Comparing prior and posterior parameter densities extracted from PyStan with Arviz?

Hi All,

I found this page in the Arviz documentation describing the function arviz.plot_dist_comparison to compare priors and posteriors, but I’m unfamiliar with how to go about getting the prior out of PyStan to compare with the posterior. Having previously used RStan in conjunction with Bayesplot, I recall that I was able to call mcmc_areas from Bayesplot after performing an as.array(...) conversion of the stan_fit object, and I imagine that a similar process happens for PyStan/Arviz for the theta posteriors, but I’m not sure what the best approach is for getting the priors out of PyStan and am looking for examples. Is it the case where I need to do sample form the priors with normal_rng in the generated quantities block of my Stan code? Thanks for the help!

Hi

Check this page Stan User’s Guide

And to input them into InferenceData check this

https://arviz-devs.github.io/arviz/api/generated/arviz.from_pystan.html

So basically create one model and fit for prior and one for posterior.

1 Like

Thank you!

Actually @ahartikainen, I did have one more question. So, in my case, I’m using data from a known data generating process where I know the actual parameter values. Is there a straightforward way in Arviz to plot the “known” data generating parameter values as vertical lines over the prior/posterior density functions?

The output from that function is matplotlib axis / bokeh figure so the easiest way is to add those lines manually.

E.g

ax = az.plot_...
ax.axvline(x)

https://matplotlib.org/stable/api/_as_gen/matplotlib.pyplot.axvline.html

1 Like

These two examples from my probprog poster and from arviz docs on populating all groups can also be helpful. They still use pystan 2 though.

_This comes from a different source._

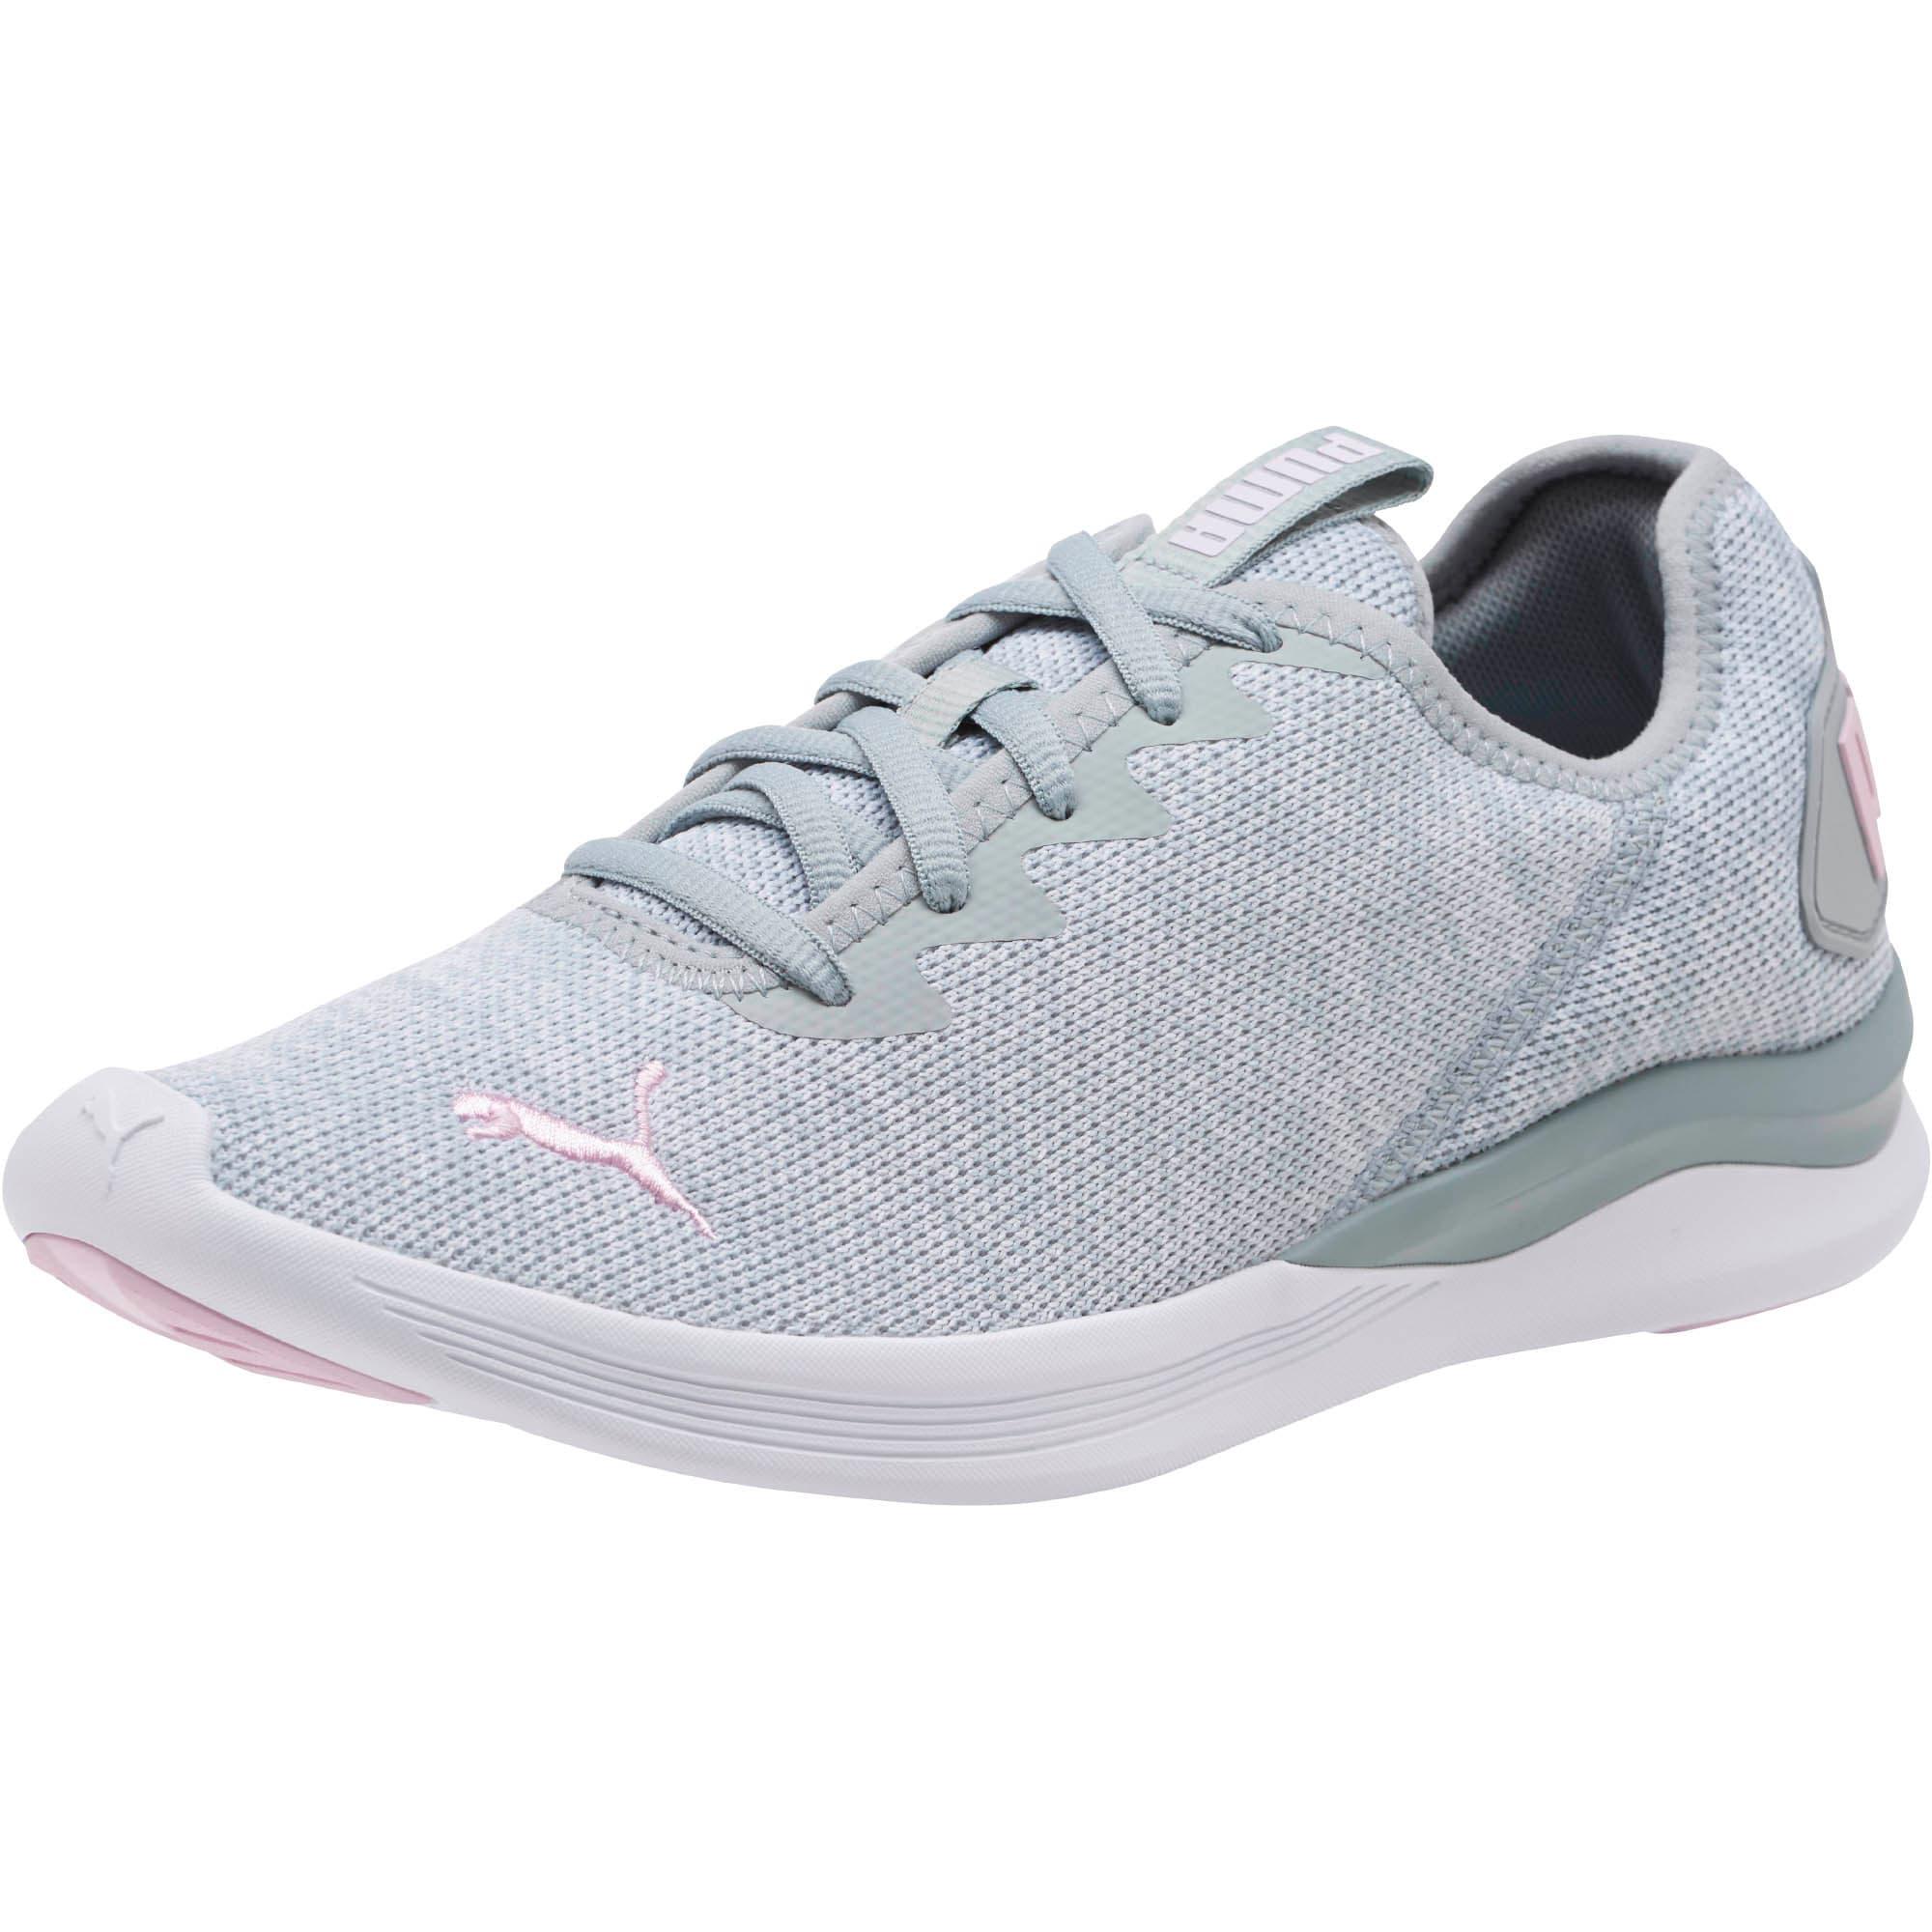 Thumbnail 1 of Ballast Women's Running Shoes, Quarry- Orchid- White, medium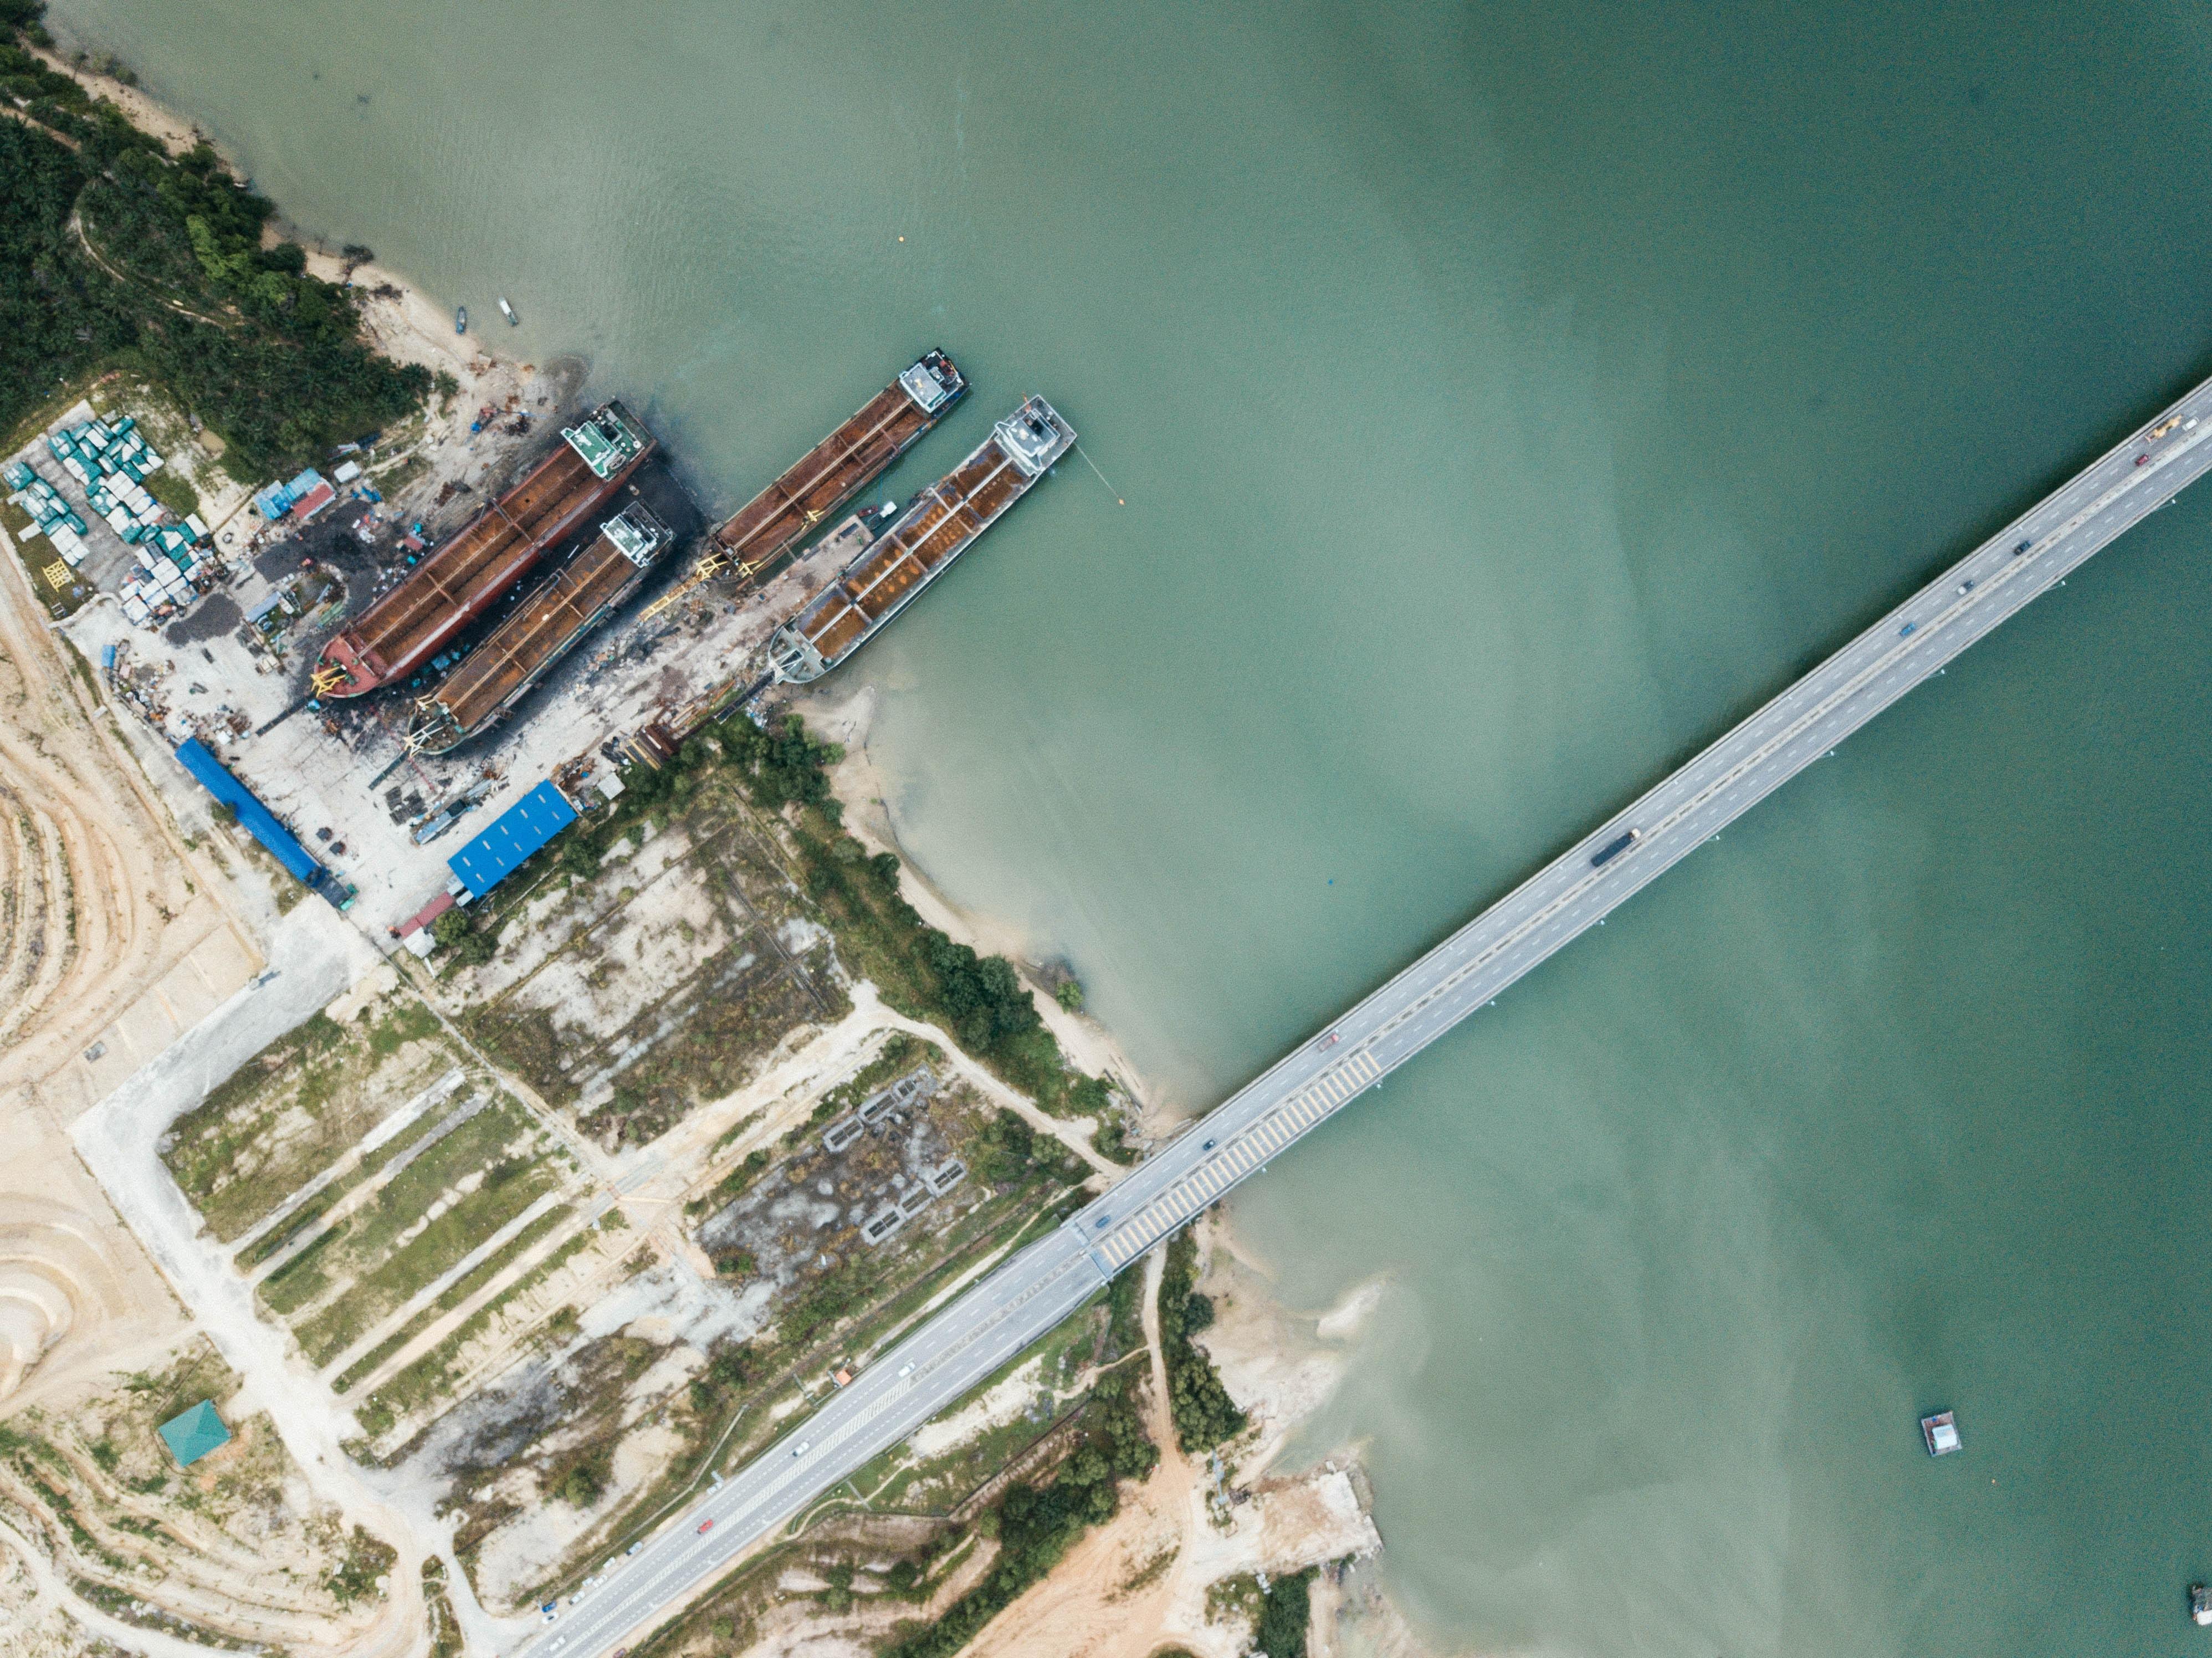 aerial photo of bridge and buildings

To try and add a bit more to @ahartikainen’s answer on axvline, if you have the true values as an xarray dataset (from using arviz.from_dict for example, use observed_data to take into account that there should be no chain nor draw dimension) you can use xarray_var_iter to get a list of var_name, selected_coords, selected_indexs, value. You should then be able to do

truths = az.from_dict(...)  # or raw xarray.Dataset might be better
axes = az.plot_dist_comparison(...)

for ax, (_, _, _, value) in zip(axes[:, -1], xarray_var_iter(truths)):
    ax.asvline(value)

Plotting functions use these helpers under the hood, so the order will be the same if the dataset variables are in the same order, however, to make sure order is aligned it would be a good idea to use var_names with the same variables and order when calling plot_dist_comparison and xarray_var_iter.

1 Like